# [SOLVED] Neep help finding xp drivers for this board: GA-T671MG



## djdat (Apr 14, 2008)

Hello. This GA-T671MG Motherboard is in a packard bell istart F2310 AIO pc,
It was shipped with vista but has been downgraded to xp.

I actually did this once before and found the drivers, But now the HDD has broke down I've had to re-install xp. Found all drivers except the sound, It has a realtek chip onboard but all the realtek drivers I've tried just don't work.
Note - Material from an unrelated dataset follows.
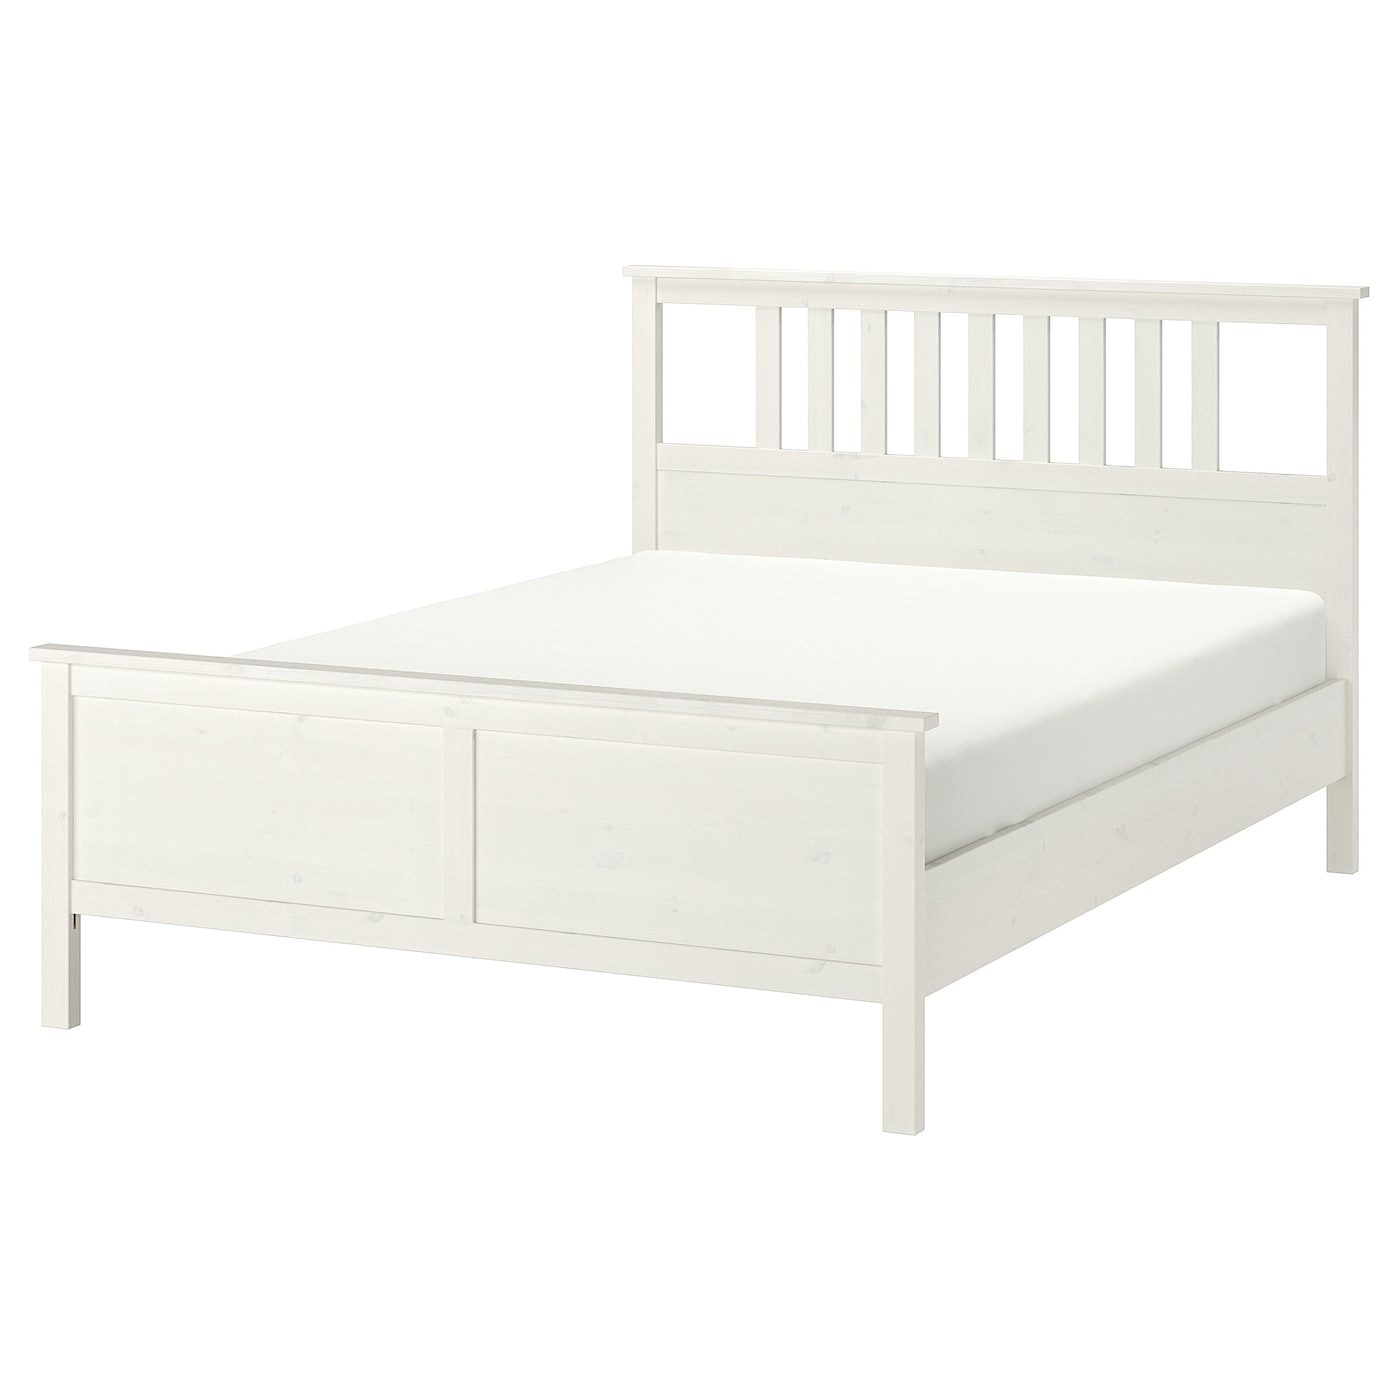 Каркас кровати - IKEA HEMNES, 200х160 см, белый, ХЕМНЕС ИКЕА

I know this driver exists because I've used it before. Any help would be appreciated! :4-dontkno

Thanks!


----------



## Wrench97 (May 10, 2008)

*Re: Neep help finding xp drivers for this board: GA-T671MG*

Give this one a try> http://www.realtek.com.tw/downloads...=24&Level=4&Conn=3&DownTypeID=3&GetDown=false


----------



## djdat (Apr 14, 2008)

*Re: Neep help finding xp drivers for this board: GA-T671MG*

Thanks, Will do and post back result. :wink:


----------



## djdat (Apr 14, 2008)

*Re: Neep help finding xp drivers for this board: GA-T671MG*

Ok thanks m8, That worked! I did also have to install KB888111, Even though it should be on SP3 (?) But got there in the end!

Cheers!! :wave:


----------



## Wrench97 (May 10, 2008)

Good to hear you have it resolved


----------